Regita menjabat tangannya dan berkata, "Aku merasa sedikit tidak nyaman hari ini dan ingin beristirahat di rumah."

"Aku lelah tadi malam." Kata Baskara dengan nada sempit.

"Ya." Dia menurut.

"Brilian." Baskara mencibir padanya dengan senyum rendah, berhenti sejenak, dan bertanya dengan enggan, "Ini benar-benar tidak ada di sini."

Kata Regita buru-buru, "Aku sudah tidur."

"Lupakan saja." Kemudian Baskara menutup telepon.

Seolah takut dia akan menelepon lagi, akhirnya dia mematikan ponselnya.

Regita menutup matanya dan menundukkan kepalanya, telapak tangannya basah oleh keringat.

Kembali ke dalam kotak, Yunanda menghadapinya dan mengerutkan kening, "Regita, apakah kamu baik-baik saja?"

Regita menggelengkan kepalanya.

Melihat tatapan Reagan datang, dia buru-buru tersenyum, "Aku tidak apa-apa." Regita tidak tahu mengapa dia berbohong kepada Baskara di telepon.

Apakah itu Yunanda atau rekan prianya sebelum dia, dia bisa terbuka di depannya, tapi dia bersama Reagan, dia tidak berani mengatakannya, selalu terasa seperti semacam pengkhianatan padanya.

Reagan membawanya kembali dengan taksi di malam hari.

Yunanda minum terlalu banyak. Ketika dia keluar dari restoran, dia menggelengkan kakinya. Dia memanggil pengemudi dan kembali. Sebagai perbandingan, Reagan juga minum banyak, tetapi jumlahnya terkontrol dengan baik, dan matanya tampak masih jernih.

Regita tahu yang terbaik bahwa dia selalu menjadi orang yang disiplin selama bertahun-tahun di militer.

Angin malam terasa sejuk, dan Reagan mengenakan jaket tipisnya di tubuhnya, terselip seperti anak kecil.

Regita gemetar di dalam hatinya dan membuka mulutnya, "Kak Reagan, aku sebenarnya…"

Dia ingin memberitahunya bahwa dia tidak pergi ke bandara untuk janji karena Neneknya tidak setuju, dan dia secara emosional dikirim ke rumah sakit karena sampai serangan jantung. Takut Neneknya yang sakit akan sedih, jadi dia terus menghindarinya.

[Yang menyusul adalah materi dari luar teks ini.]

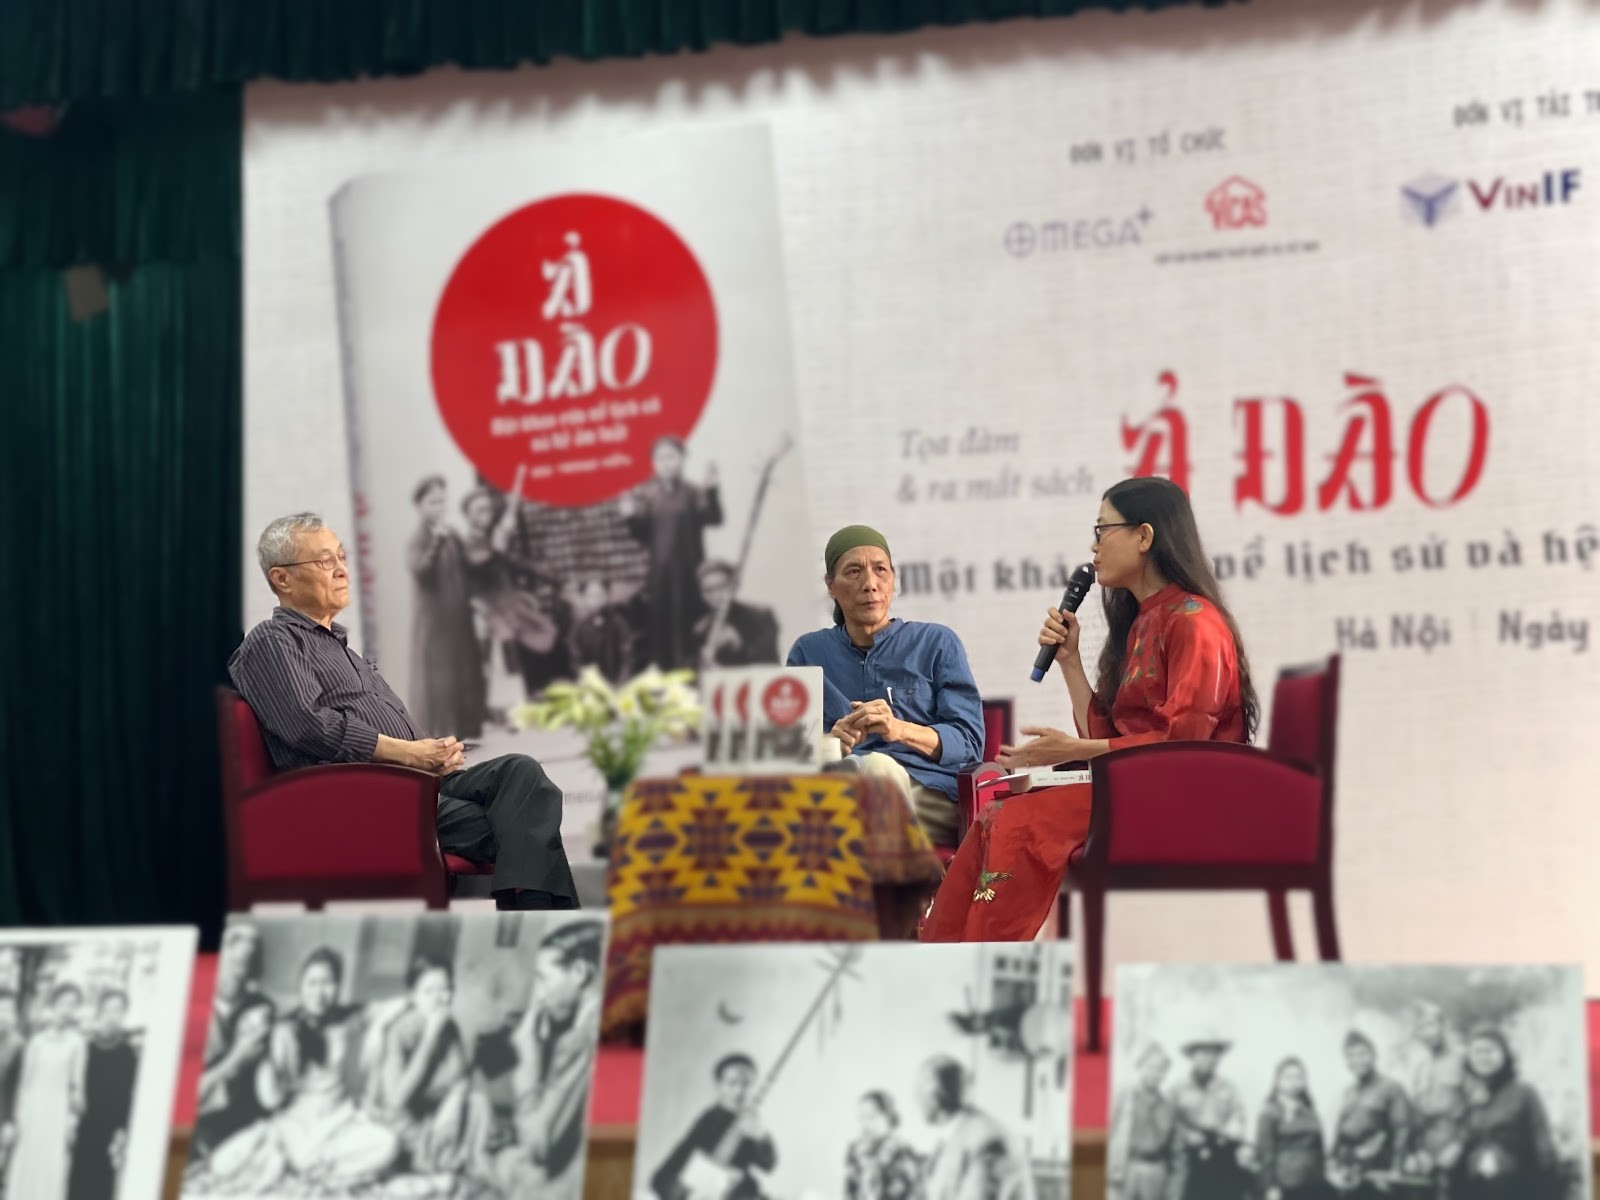 Tác giả Bùi Trọng Hiền (giữa) và nhà nghiên cứu Đặng Hoành Loan chia sẻ về giá trị lịch sử, nghệ thuật của ca trù

Tapi sekarang dia tidak berani mengatakan hal itu.

"Jangan menyebutkan hal-hal dari masa lalu." Reagan menyela sambil tersenyum, dan matanya lembut.

"Aku…" Regita memiliki suara tercekik dengan warna putih.

Tampaknya mengandung seribu kata, tetapi dia tidak tahu bagaimana mengatakannya.

Reagan menepuk bahunya dan menenangkan, "Jangan terlalu banyak berpikir, naik dan istirahatlah."

"Oke." Regita mengangguk.

Sebelum dia berbalik, Reagan memanggilnya lagi, ekspresinya sedikit ragu di malam hari, dan akhirnya hanya berkata, "Regita, selamat malam."

Regita mengangguk dan menjawab "Selamat malam".

Melihat taksi pergi, dia membungkus pakaian yang melilit bahunya dan berjalan ke gedung tempat tinggal.

Baru saja melangkah ke koridor, napas tembakau datang.

Regita membeku, cahaya lampu induksi di koridor redup, tetapi tidak sedalam matanya yang gelap, otot-otot masseter meledak, dan suara burung meludah bersama dengan asap, "Apakah dia memberi pedang itu?"